» **Recorded information**
▽
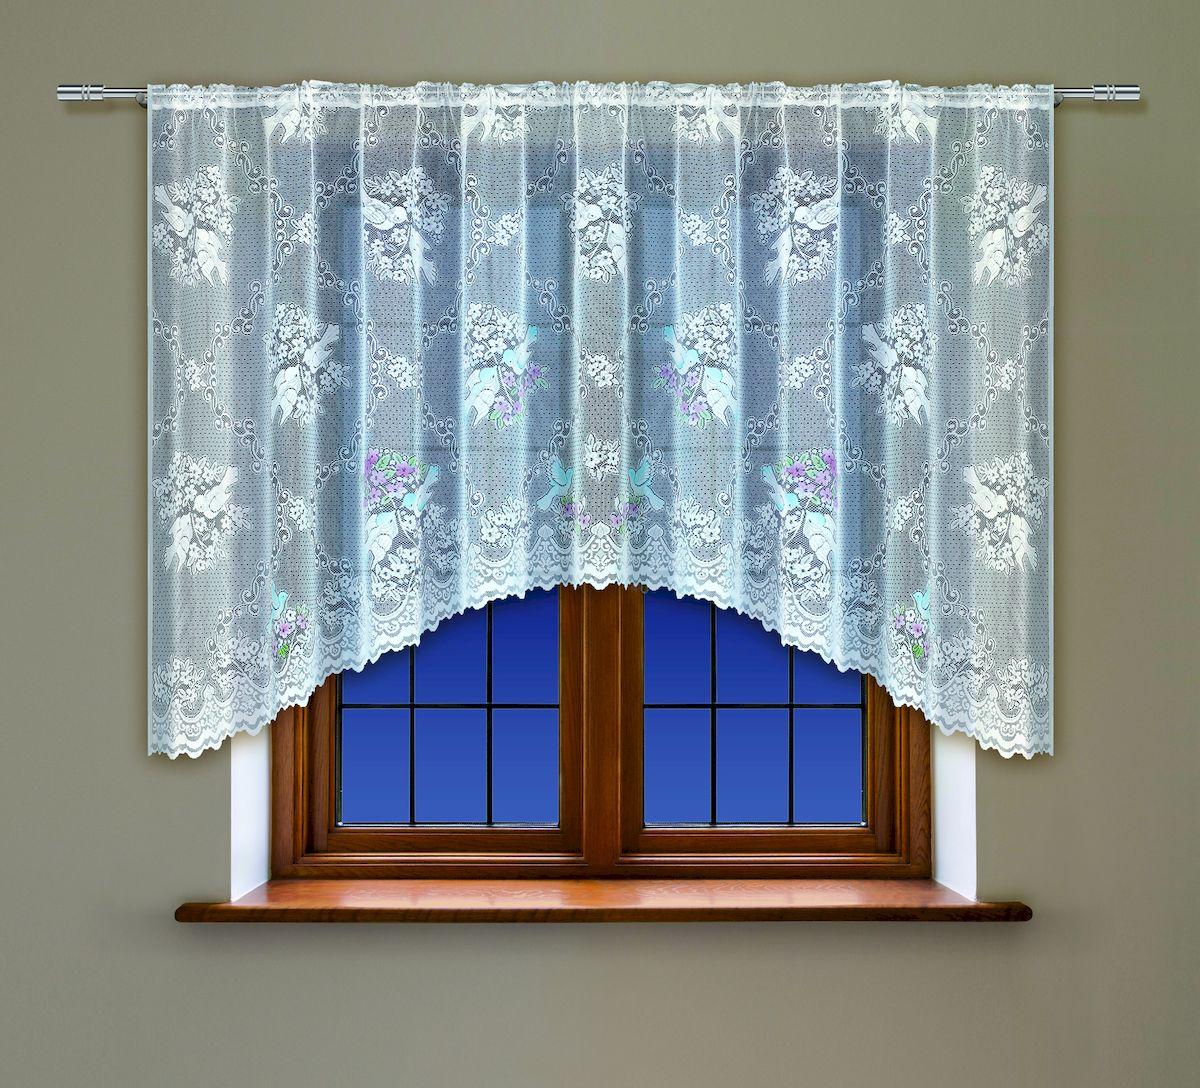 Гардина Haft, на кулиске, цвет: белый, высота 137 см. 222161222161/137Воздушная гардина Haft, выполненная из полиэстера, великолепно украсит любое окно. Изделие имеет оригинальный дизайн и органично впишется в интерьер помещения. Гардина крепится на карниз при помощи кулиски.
△
▽
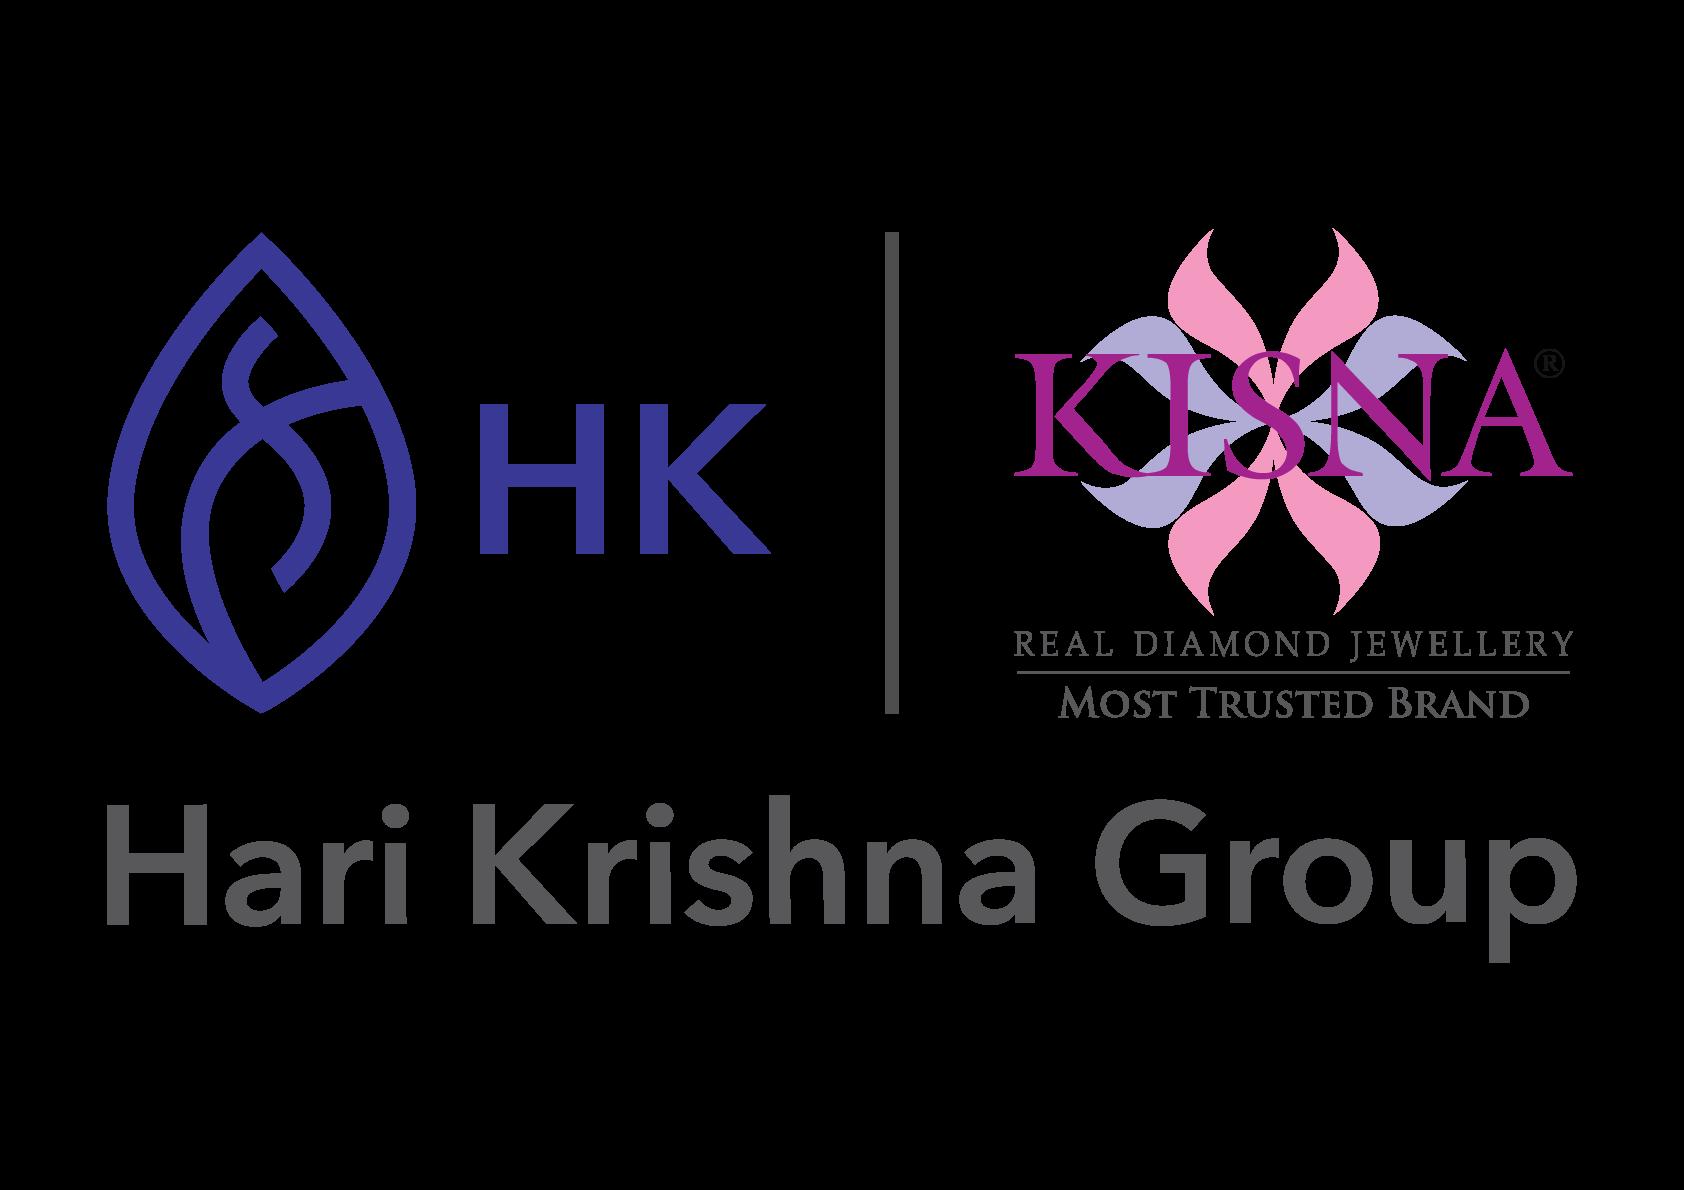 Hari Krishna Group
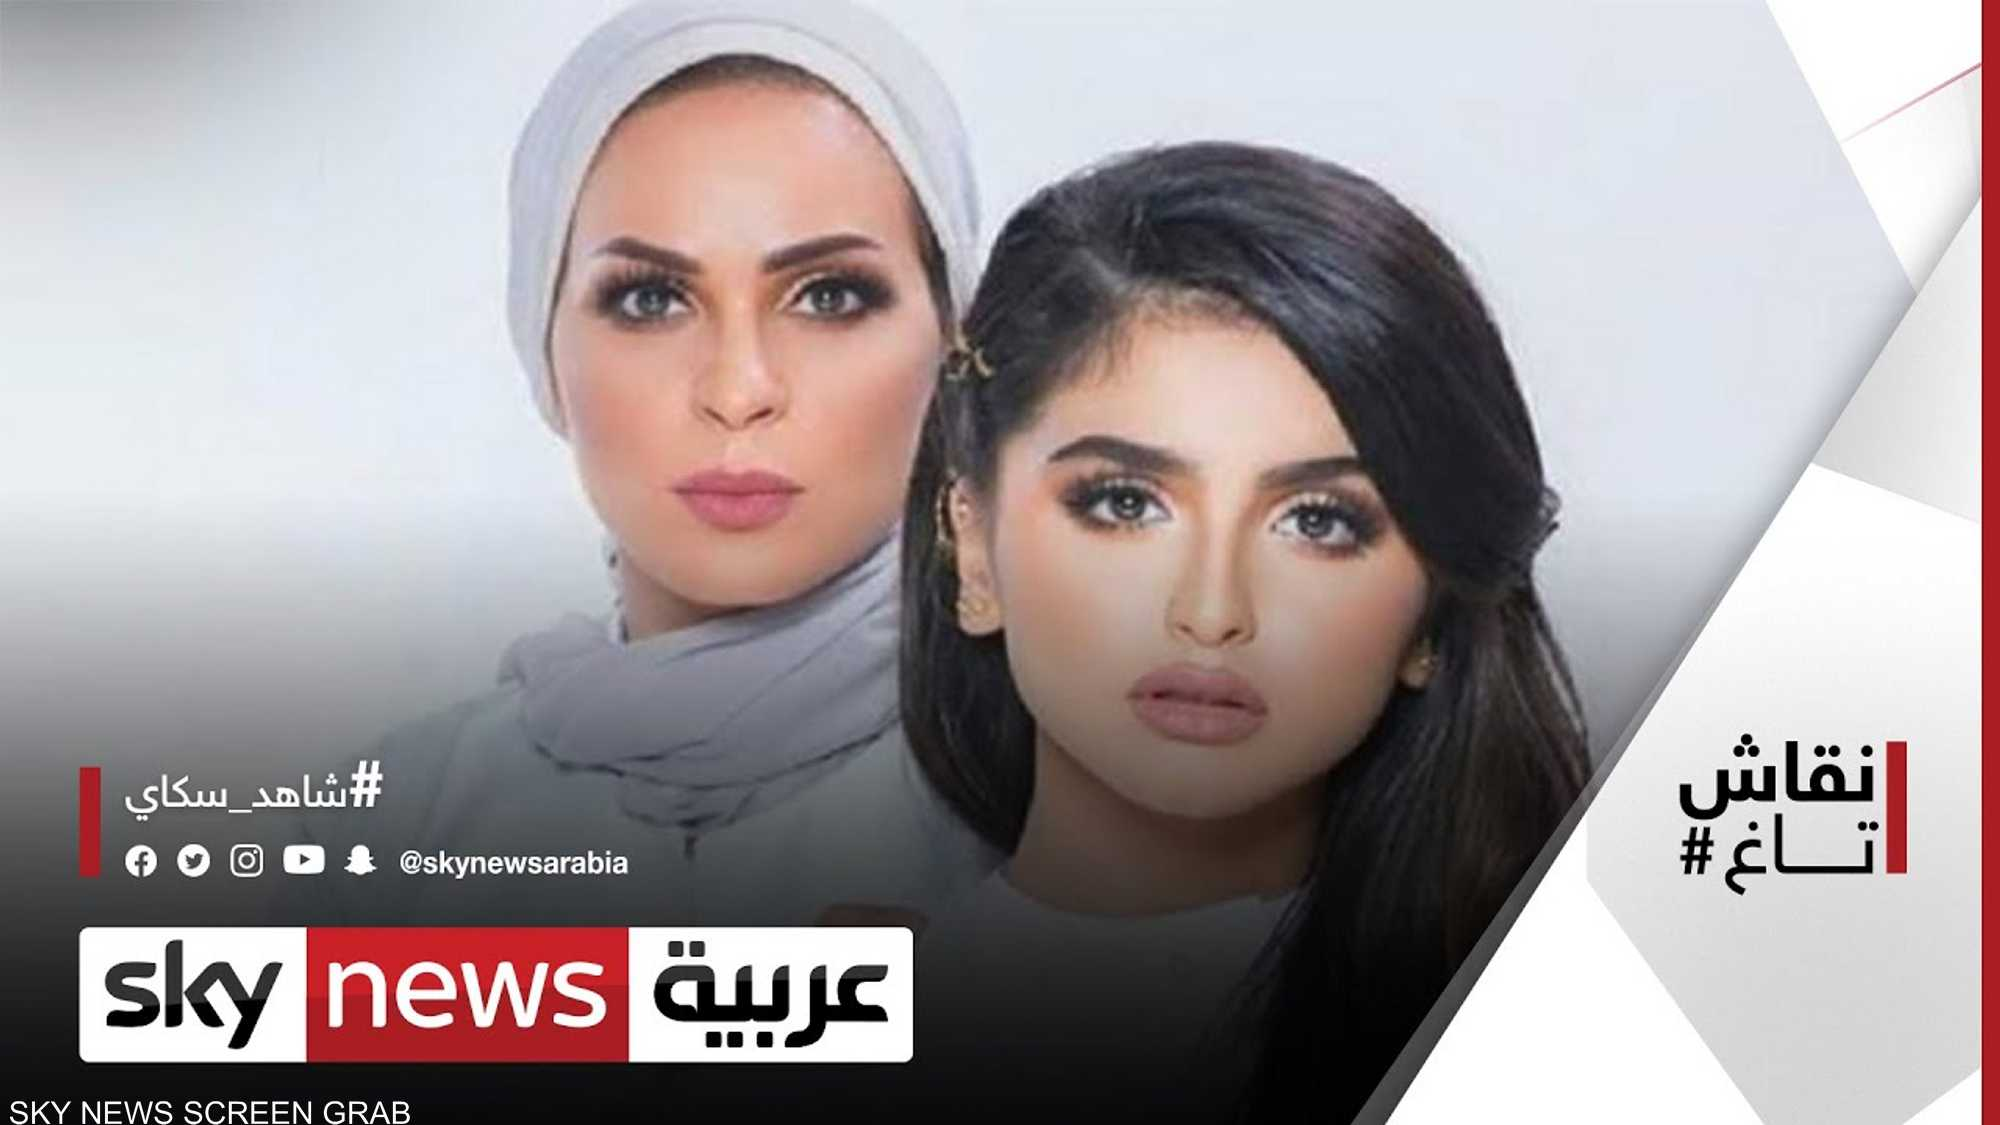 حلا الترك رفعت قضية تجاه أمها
△
▽
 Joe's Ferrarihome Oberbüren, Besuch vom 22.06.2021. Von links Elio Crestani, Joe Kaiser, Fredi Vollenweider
△
» **Directions**
Nothing but the lines from the one with "Hari Krishna Group" up to and including the one with "حلا الترك رفعت قضية تجاه أمها" should be printed, exactly as they read above. Please keep the pictures out.

» **Your response**
 Hari Krishna Group
 حلا الترك رفعت قضية تجاه أمها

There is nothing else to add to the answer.